Well sorry to hear about your potato head Netflix watching "teacher". But here we go! For part (a) we have:
(a)
m=0.3kg, F=201 N, [tex]\Delta x=-1.30[/tex] this is negative because our if we think of an undrawn bow as a zero, pulling it back 1.30 meters means -1.30 meters. First we will solve for the acceleration by using F=ma and so:
[tex]F=ma\\\\a=\frac{F}{m}=\frac{201N}{0.3kg}=670m/s^2[/tex]
Next we will use the following kinematic equation to solve for our initial velocity, note that our final velocity is zero since eventually it will stop and so:
[tex]v_{final}^2=v_{initial}^2+2ad[/tex]
where a is acceleration, and d is distance our bow was drawn and so:
[tex]0=v_{initial}^2+2(670)(-1.30)\\\\1742=v_{initial}^2\\\\\sqrt{1741}=v_{initial}\\41.74m/s=v_{initial}[/tex]

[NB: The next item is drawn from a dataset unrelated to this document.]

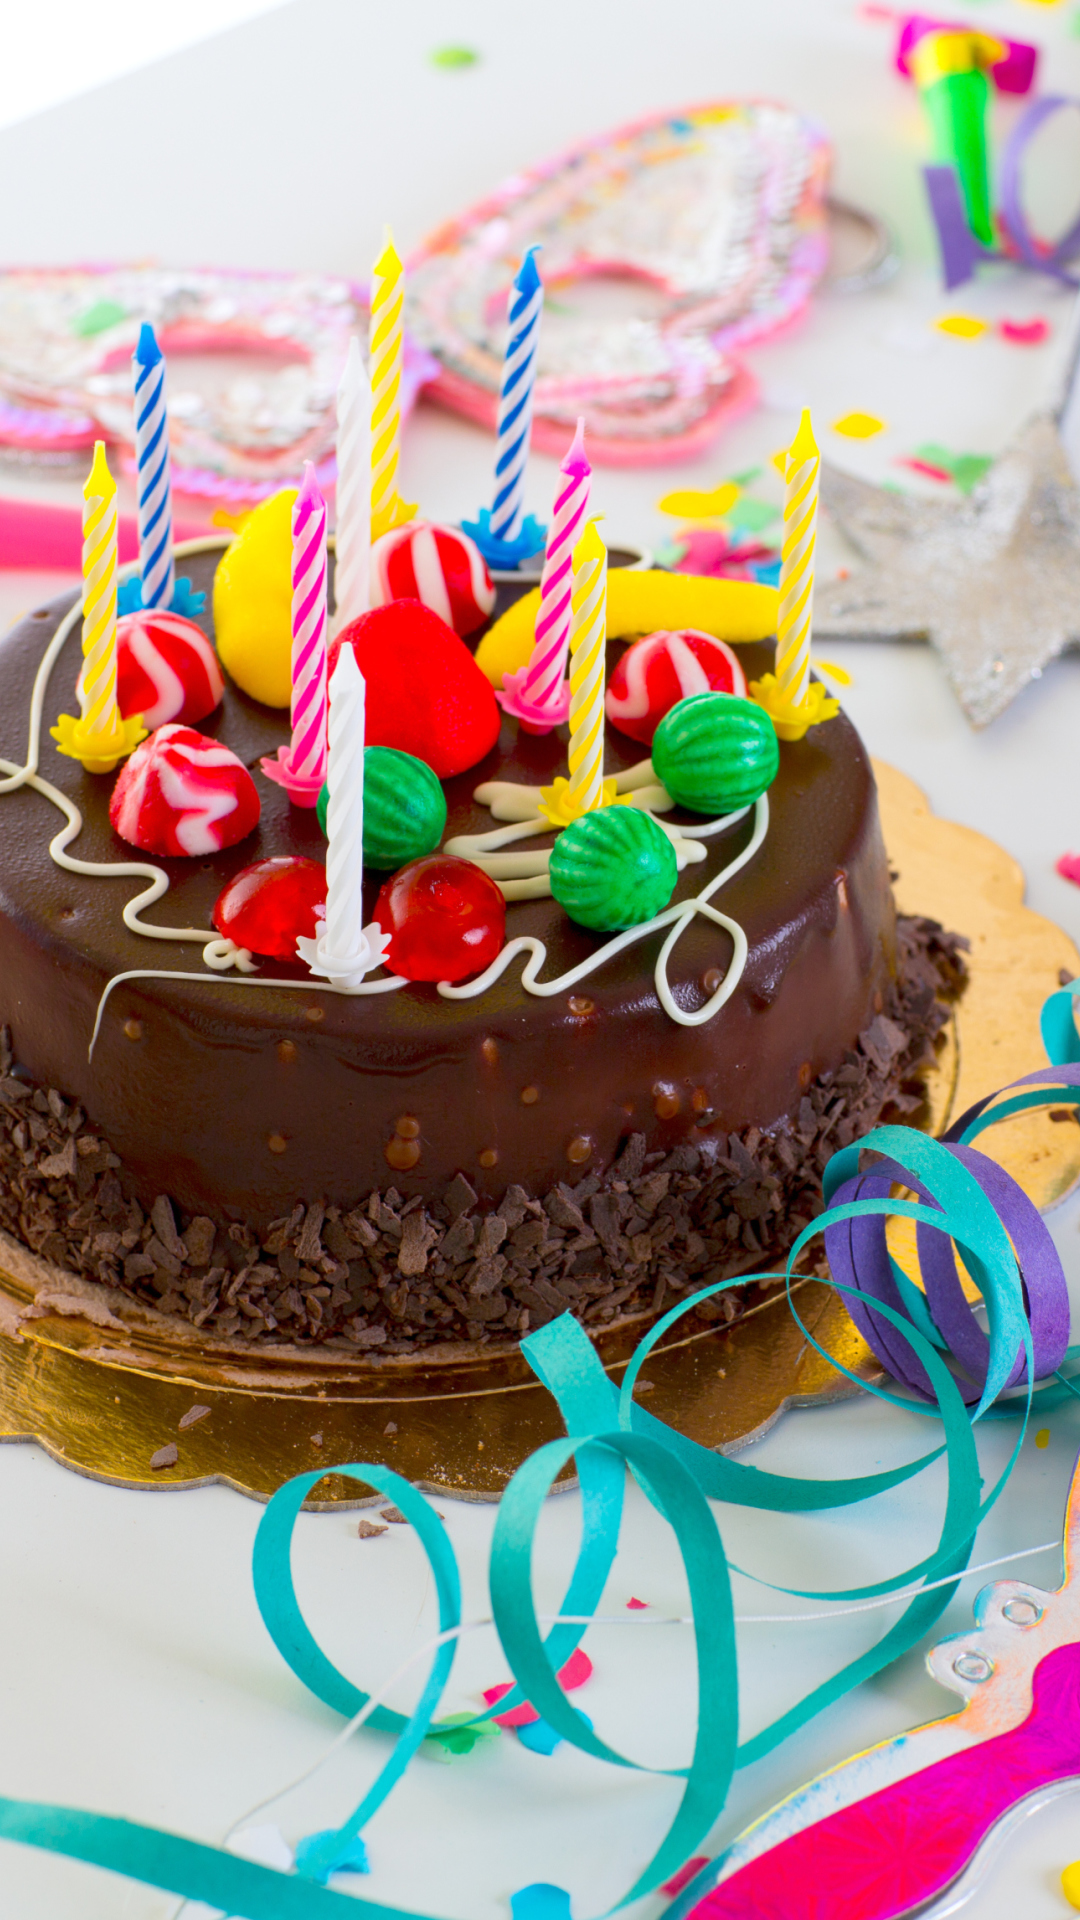 Birthday Cake With Candles wallpaper 1080x1920

So the arrow leaves the bow at approximately 41.74 m/s (that's about 91.71 miles per hour ouch).
(a) Initial velocity = 41.74 m/s
(b)
Next If the arrow is shot an arrow straight up we have to worry about gravity (g = -9.8 m/s^2) "pushing" the arrow down as your arrow goes up higher and higher (ignoring air resistance) we have:
[tex]v_{final}=v_{initial}+at\\\\[/tex]
Note that the final velocity in this system is zero, at that point the arrow will come right down since it has no more velocity upwards therefore we have:
[tex]0=41.74+(-9.8)t[/tex]
[tex]0-41.74=41.74-41.74+(-9.8)t\\\\-41.74=-9.8t\\\\[/tex]
[tex]\frac{-41.74}{-9.8}=\frac{-9.8t}{-9.8} \\\\4.26=t[/tex]
Therefore it will take 4.26 seconds for the arrow to stop and return back down, meaning that the arrow will reach it's max height at that time. Finally we can figure out what that height is by using another kinematic equation:
[tex]h=v_{initial}t+\frac{1}{2}gt^2[/tex]
Where g=-9.8, initial velocity=41.74 m/s and t=4.26 seconds and so:
[tex]h=(41.74)(4.26)+\frac{1}{2}(-9.8)(4.26)^2\\\\h=88.89m[/tex]
So the arrow will reach a max height of 88.89 meters (about 292 ft).
(b) 88.89 meters